Maren Morris singles chronology
| "The Middle" (2018) | "Rich" (2018) | "Seeing Blind" (2018) |

Music video
- "Rich" on YouTube

= Rich (Maren Morris song) =

"Rich" is a song by American singer Maren Morris for her major-label debut studio album, Hero (2016). Morris co-wrote the song with Jessie Jo Dillon and Laura Veltz, and co-produced the track with Busbee. It was released to American country radio on February 12, 2018, through Columbia Nashville as the album's fourth and final single.

==Composition==
"Rich" blends elements of country music with reggae and hip hop for a sound that "transcends classification." The song features "laid-back, breezy" vocals in the verses and a "singalong" chorus. Lyrically, the song details ways that a man has done Morris wrong, framed by hypothetical dollar values for these infractions that would result in Morris being rich. According to critics, Morris's delivery expresses "hip-hop bravado" and a "sly wit" as she toys with unconventional rhymes.

==Release and promotion==
On January 22, 2018, "Rich" was announced as the album's final single and was made available to radio through the Daily Play MPE service. It was released on February 12. According to Morris, the choice was influenced by positive fan reception to the song, noting that it was "the first time we've really let fans pick the single." The announcement came days after news of the release of her Zedd collaboration, "The Middle", which was promoted concurrently to pop formats and internationally. "Rich" officially impacted country radio on February 12, 2018.

==Music video==
The music video was directed by TK McKamy and Produced by Joel Hartz and premiered on CMT, GAC, CMT Music & VEVO in 2018.

==Critical reception==
In a review of Hero, Jon Caramanica of the New York Times wrote that the song was positioned as "CMT's bid for Song of the Summer" due to its strong hook and crossover potential. Chuck Dauphin of Billboard wrote that "Rich" blends humor with "more than just a little" truth, which he called "a sign of her deep intelligence as a composer." Brittney McKenna of Rolling Stone called "Rich" the highlight of Hero and wrote that it is "a genre-defying amalgam of what makes today's country music interesting: a little profanity, a lot of swagger and catchy hooks for days."

===Accolades===

Best-of lists
| Publication | Rank | List |
|---|---|---|
| Billboard | 3 | Maren Morris' 10 Best Songs |
| Rolling Stone | 6 | 25 Best Country Songs of 2016 |

==Lyrical changes==
On September 19, 2024, when Morris performed the song at the Bourbon & Beyond music festival, she removed the Diddy reference from the lyric “Me and Diddy drippin’ diamonds like Marilyn” of the song and replaced it with a reference to Dolly Parton, following his recent arrest.

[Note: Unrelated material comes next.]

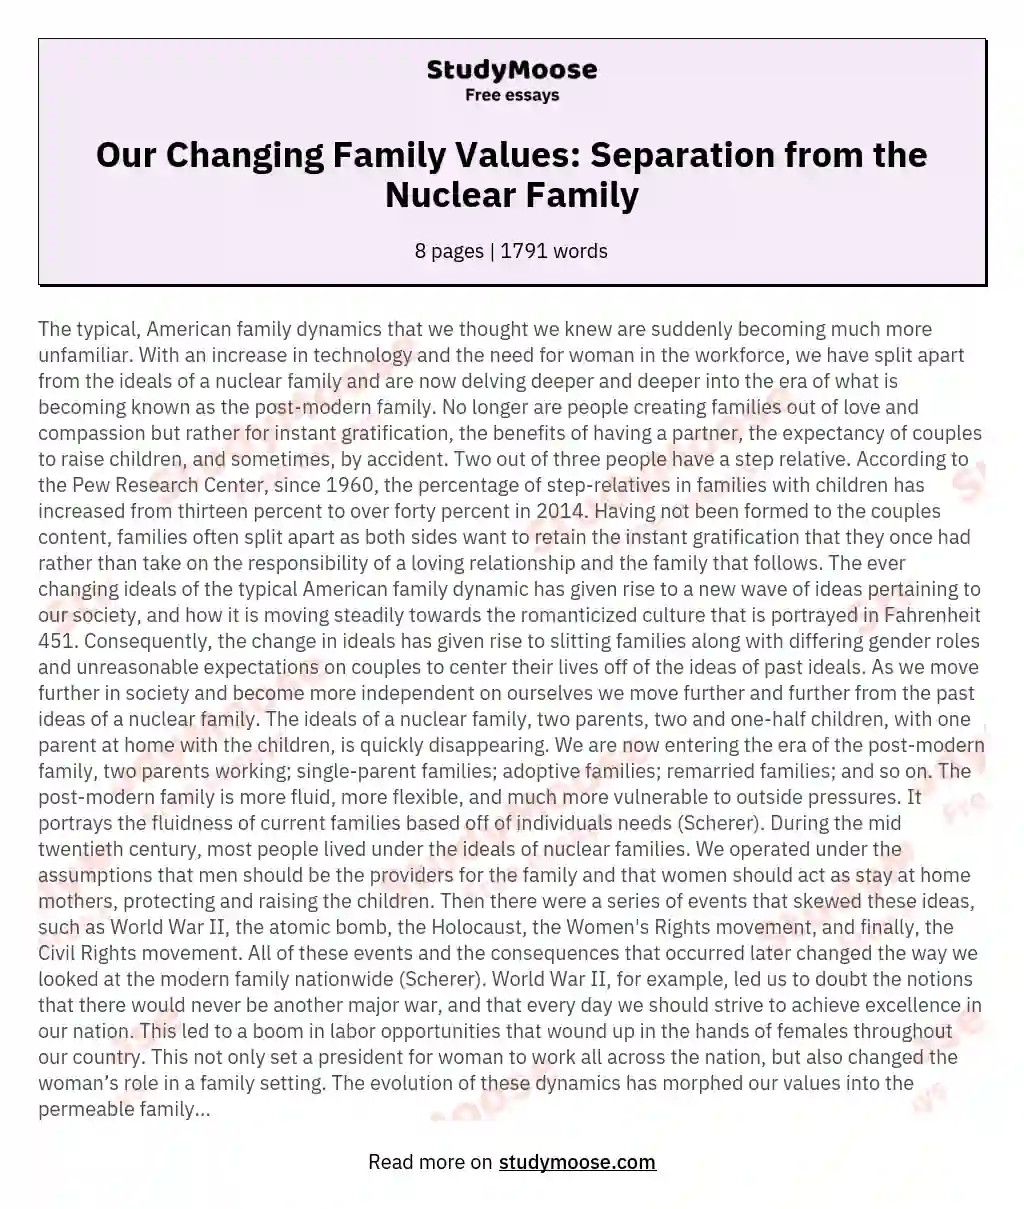 Our Changing Family Values: Separation from the Nuclear Family essay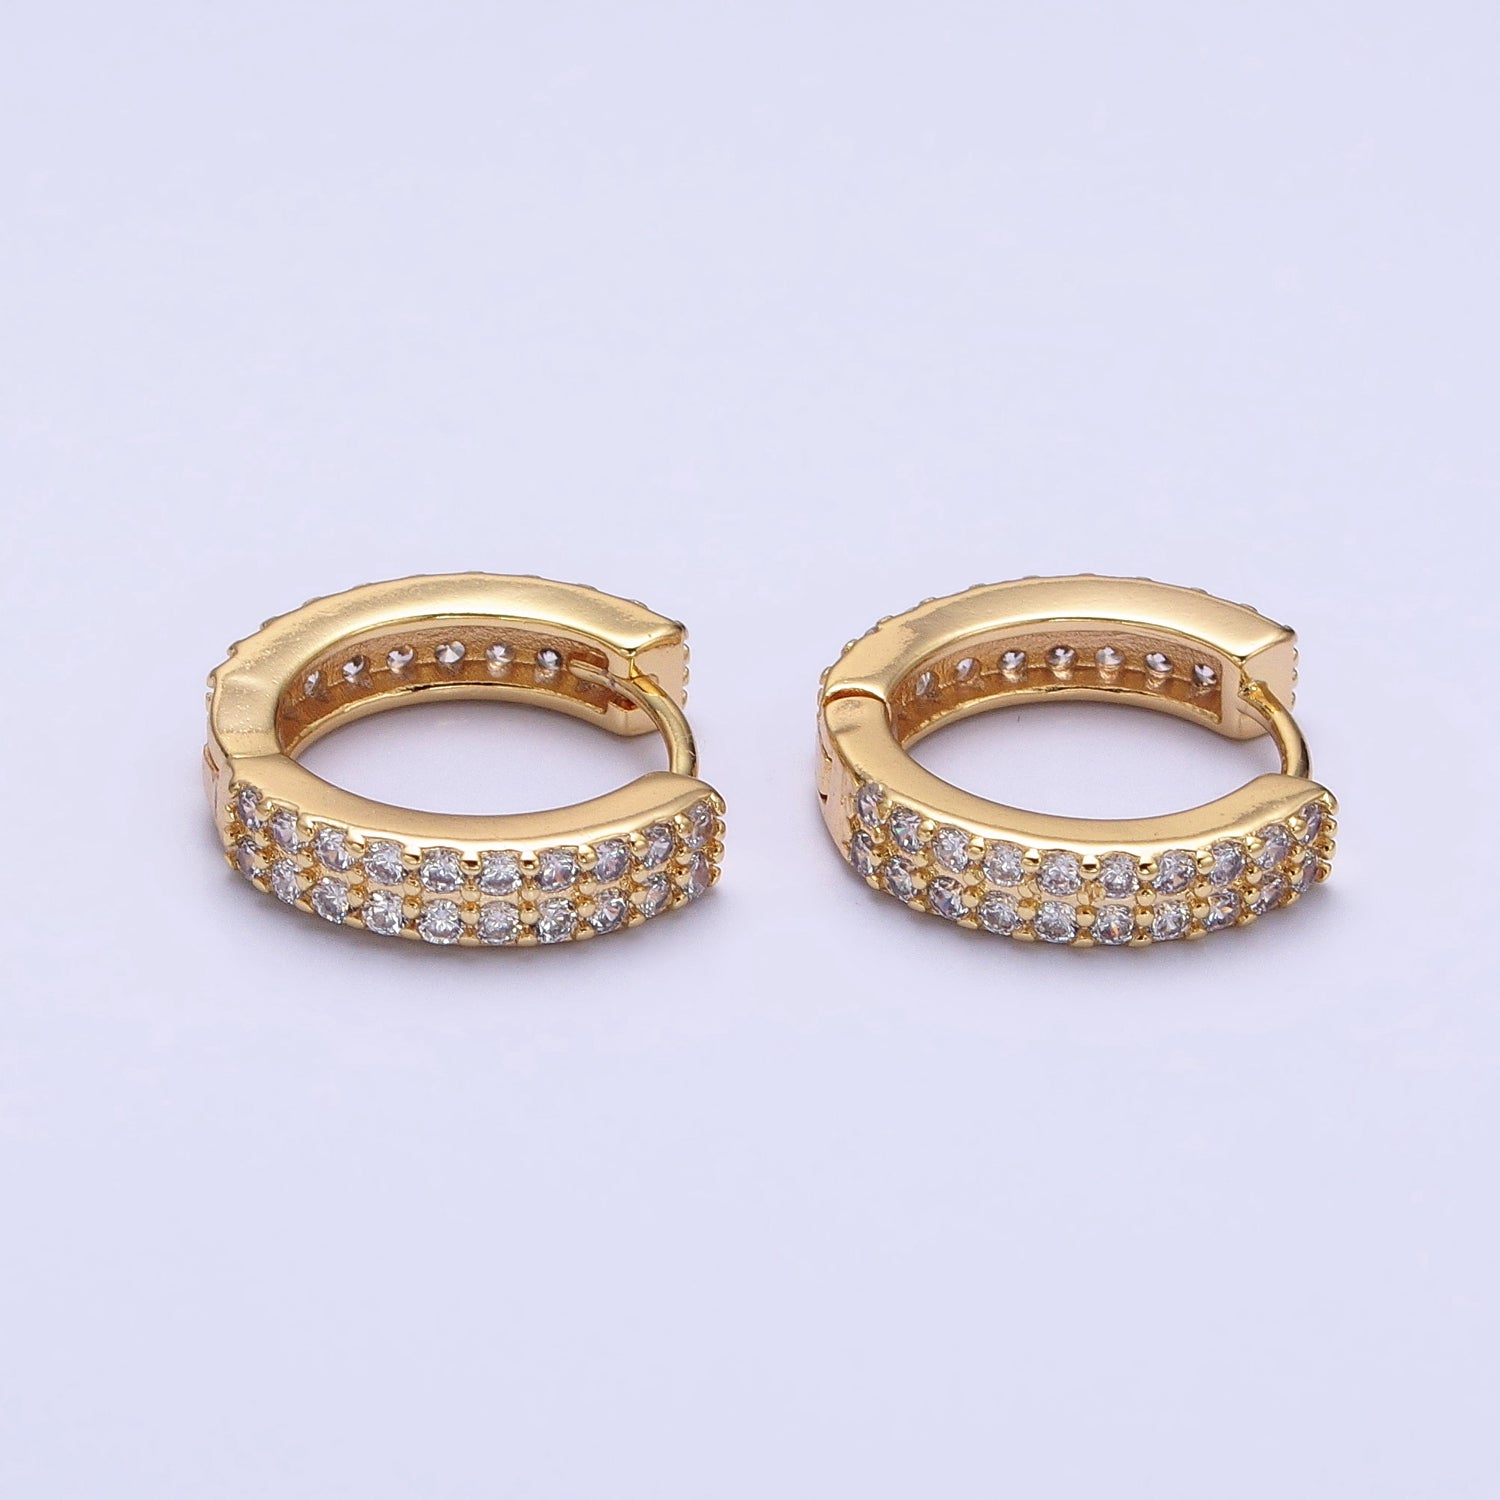 16K Gold Filled Double Sided Micro Paved CZ 16.5mm Huggie Hoop Earrings in Gold & Silver | AB953 AB1546

==Commercial performance==
"Rich" debuted at number 50 on the Billboard Country Airplay chart dated February 24, 2018 and was the week's highest debut. On the week dated October 6, the song debuted at number 96 on the Billboard Hot 100 and peaked at number 62 the week dated December 1, remaining on the chart for eight weeks. The song has sold 159,000 copies in the United States as of December 2018.

==Charts==

===Weekly charts===

| Chart (2018) | Peak position |
|---|---|
| Canada Country (Billboard) | 2 |
| US Billboard Hot 100 | 62 |
| US Country Airplay (Billboard) | 4 |
| US Hot Country Songs (Billboard) | 8 |

===Year-end charts===

| Chart (2018) | Position |
|---|---|
| US Country Airplay (Billboard) | 35 |
| US Hot Country Songs (Billboard) | 44 |

==Certifications==

| Region | Certification | Certified units/sales |
| Canada (Music Canada) | Gold | 40,000^{‡} |
| United States (RIAA) | Platinum | 1,000,000^{‡} |
^{‡} Sales+streaming figures based on certification alone.